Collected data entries
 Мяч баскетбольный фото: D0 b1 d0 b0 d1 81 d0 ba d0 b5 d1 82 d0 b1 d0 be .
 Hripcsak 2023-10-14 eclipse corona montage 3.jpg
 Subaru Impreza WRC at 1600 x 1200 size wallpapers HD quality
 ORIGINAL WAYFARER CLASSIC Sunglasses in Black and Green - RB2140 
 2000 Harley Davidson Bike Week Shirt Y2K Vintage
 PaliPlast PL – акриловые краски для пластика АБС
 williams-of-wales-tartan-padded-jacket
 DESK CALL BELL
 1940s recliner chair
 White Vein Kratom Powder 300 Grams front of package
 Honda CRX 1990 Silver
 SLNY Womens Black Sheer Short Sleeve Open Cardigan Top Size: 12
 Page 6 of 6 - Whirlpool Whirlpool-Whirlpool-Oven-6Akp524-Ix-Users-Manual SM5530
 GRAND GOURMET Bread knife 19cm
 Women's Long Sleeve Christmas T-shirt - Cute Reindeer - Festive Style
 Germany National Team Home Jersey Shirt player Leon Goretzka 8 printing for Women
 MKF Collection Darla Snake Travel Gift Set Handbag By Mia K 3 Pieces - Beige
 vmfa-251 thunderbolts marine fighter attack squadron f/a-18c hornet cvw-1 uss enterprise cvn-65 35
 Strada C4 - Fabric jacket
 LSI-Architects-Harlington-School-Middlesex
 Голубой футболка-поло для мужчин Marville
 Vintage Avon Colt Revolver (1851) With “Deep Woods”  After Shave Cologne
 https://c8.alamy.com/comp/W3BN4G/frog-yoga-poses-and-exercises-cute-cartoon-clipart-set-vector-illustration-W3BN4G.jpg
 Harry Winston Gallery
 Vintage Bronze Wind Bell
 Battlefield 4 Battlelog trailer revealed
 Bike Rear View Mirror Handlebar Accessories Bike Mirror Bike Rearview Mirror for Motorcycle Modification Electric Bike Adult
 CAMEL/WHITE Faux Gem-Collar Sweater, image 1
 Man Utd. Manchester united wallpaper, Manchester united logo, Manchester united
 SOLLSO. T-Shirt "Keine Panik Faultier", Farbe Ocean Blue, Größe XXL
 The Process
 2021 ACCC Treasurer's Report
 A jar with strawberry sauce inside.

EXERCISE BRIEF: Determine which lines above include the word "Sleeve", and report those lines in full.

SOLUTION TO THE EXERCISE:
 SLNY Womens Black Sheer Short Sleeve Open Cardigan Top Size: 12
 Women's Long Sleeve Christmas T-shirt - Cute Reindeer - Festive Style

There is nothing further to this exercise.